Whereas his previous records were rather ambient or experimental, "Ages" marks the true arrival of melodies in Froese's music, however not always inspired. It also features the participation Klaus Krieger at drums and percussions, who will join TD the same year.

The first disc contains only a few good passages. "Metropolis" is inspired by the well-known Fritz Lang movie. The introduction has (very) slight reminiscences of "Clockwork Orange"'s theme. This peaceful track has some interesting ideas, but is unfortunately too long. Although also repetitive, the soft "Era Of The Slaves" is delicate and rather enjoyable. "Tropic Of Capricorn" is inspired by a book of Henry Miller. This massive melancholic suite suffers from the same drawbacks as the opener and does not justify its 21 minutes duration.

The second disc is better and more original. "Nights Of Automatic Women" features fast drumming coupled with a short minimalistic sequence, therefore prefiguring "Madrigal Meridian" in TD's next album, the controversial "Cyclone". Trippy. The slow and futuristic "Icarus" is also pleasant, while "Children's Deeper Study" possesses an unusual and intriguingly beautiful melody.
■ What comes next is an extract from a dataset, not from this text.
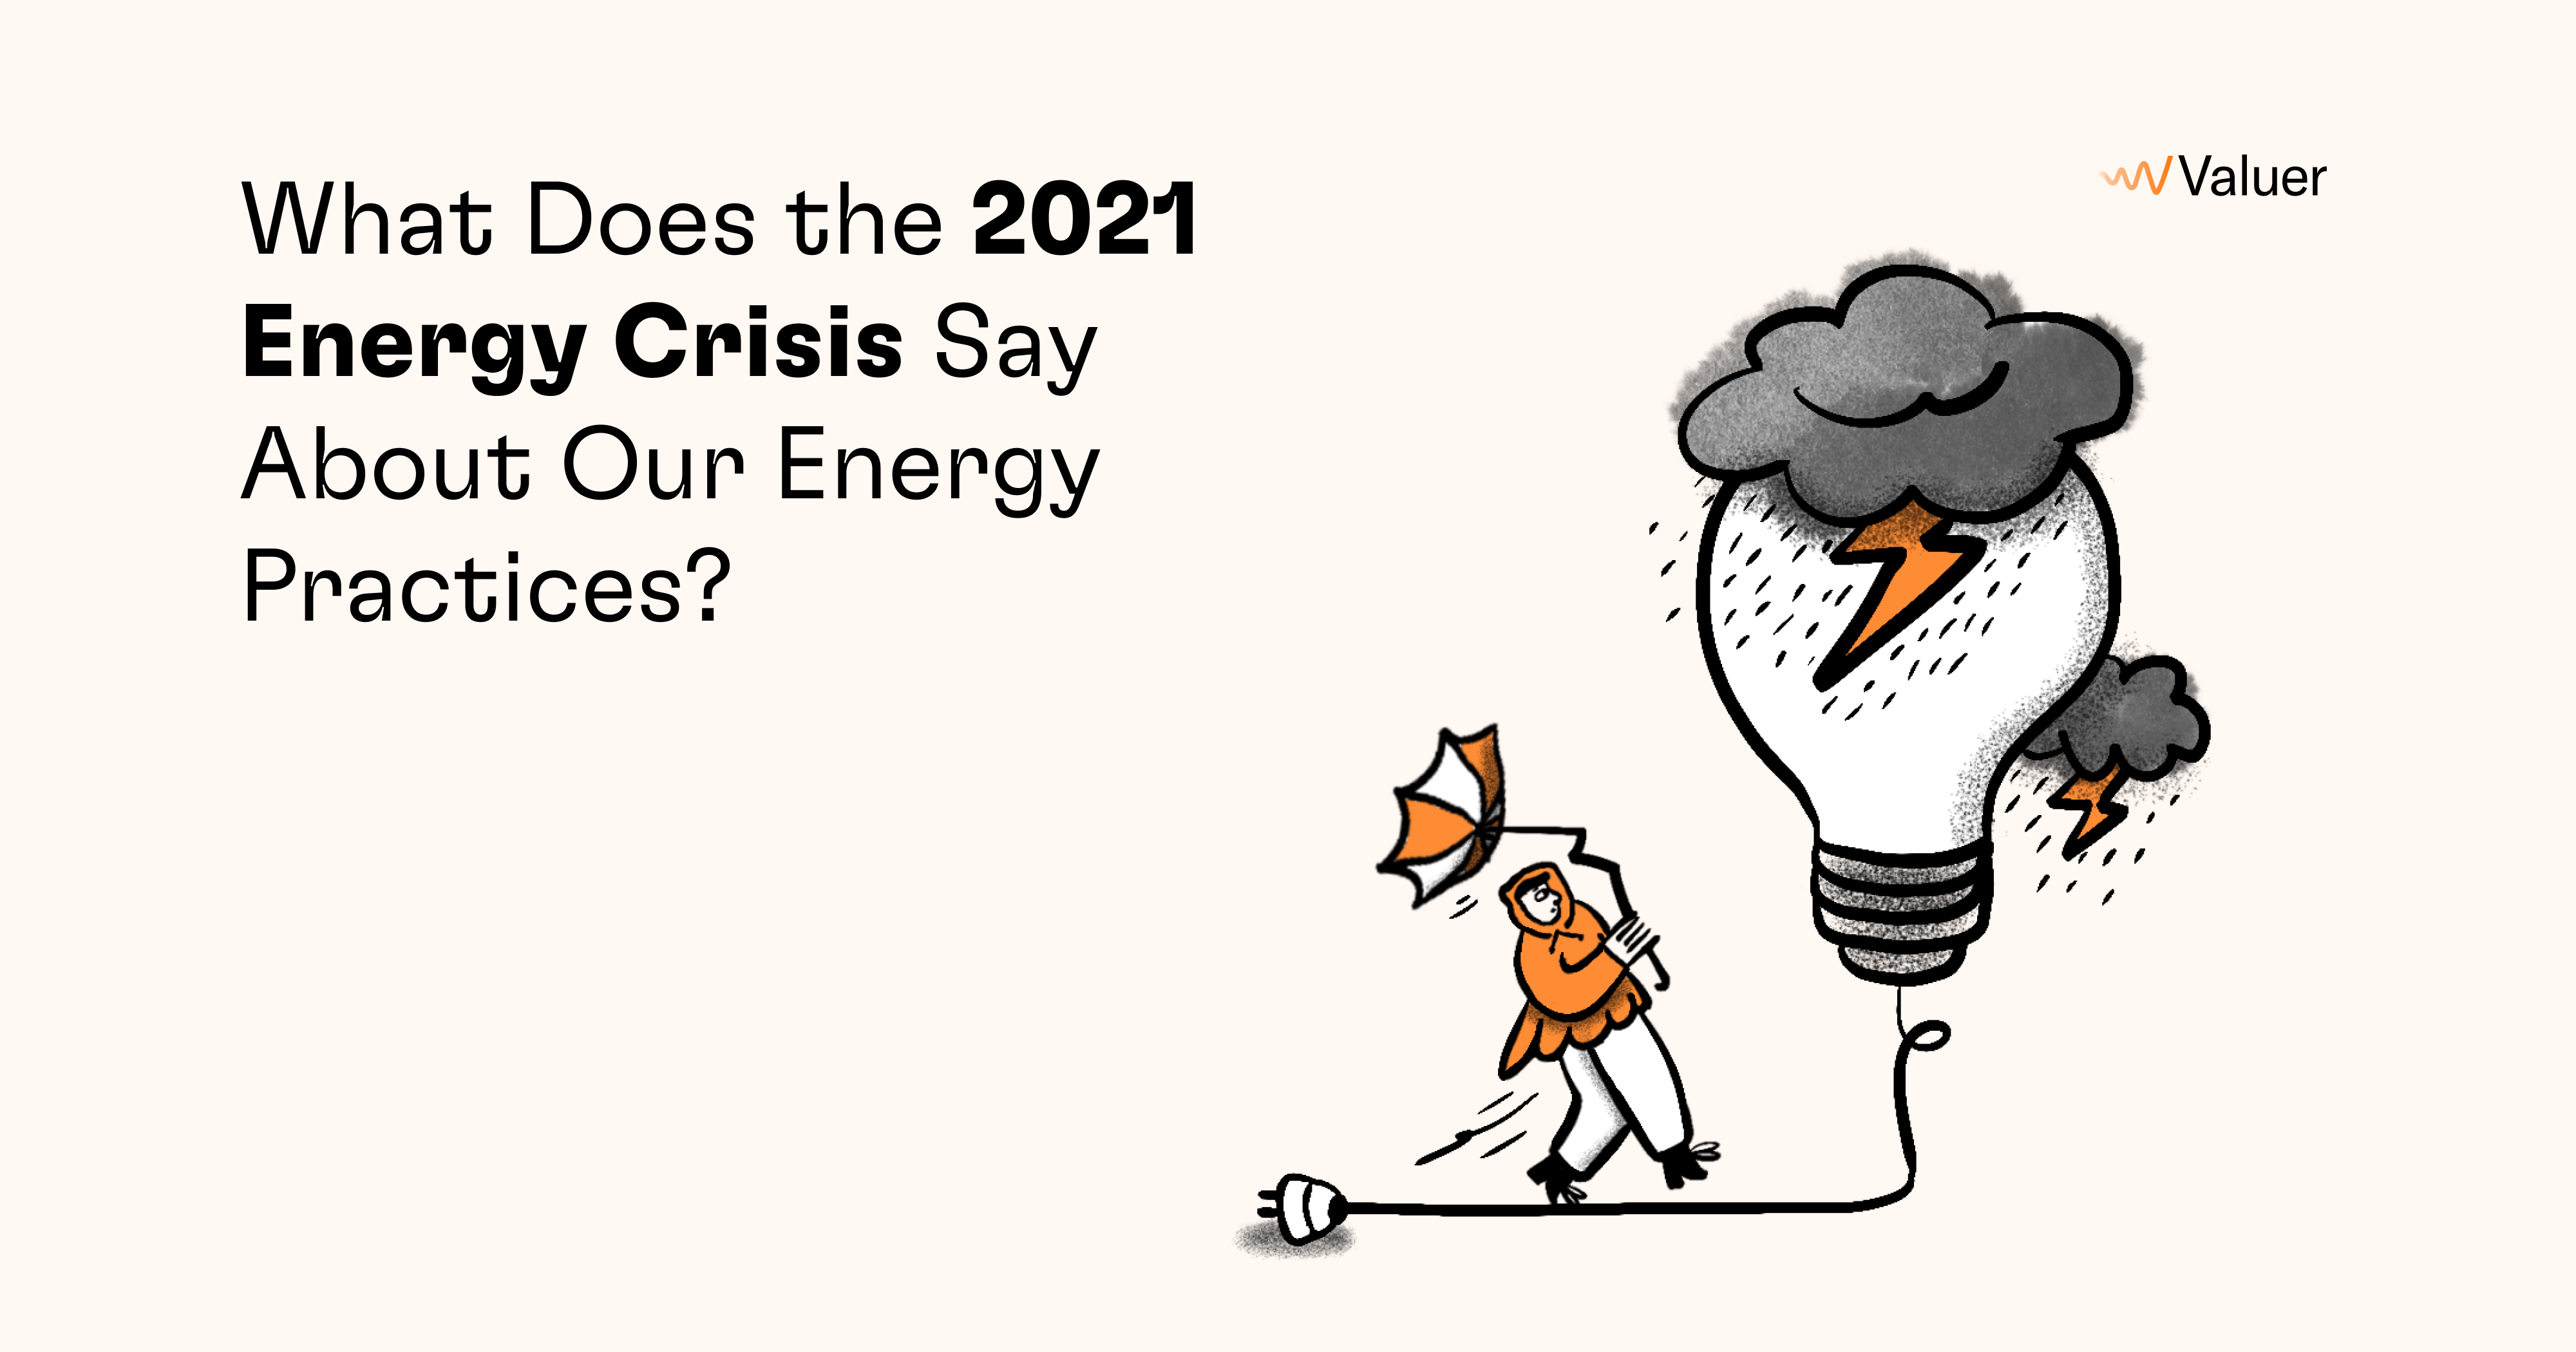 What Does the 2021 Energy Crisis Say About Our Energy Practices?

Then comes the aerial "Ode To Granny A", soothing and relaxing. "Pizarro And Atahuallpa" may be the most surprising composition here, as it features exotic percussions and (kind of) spanish guitar.

The eight minutes bonus track "Golgatha And The Circle Closes" features cool spacey guitar playing.

Despite its title, this record did not aged very well and could have been shortened. Only double studio album and weakest 70's release from Edgar Froese, "Ages" is uneven and too long. This first melodic attempt will however be successfully refined and polished one year later, on his next opus "Stuntman".

Nonetheless, this personal solo effort remains a turning point in Edgar's discography, as it opens new electronic horizons.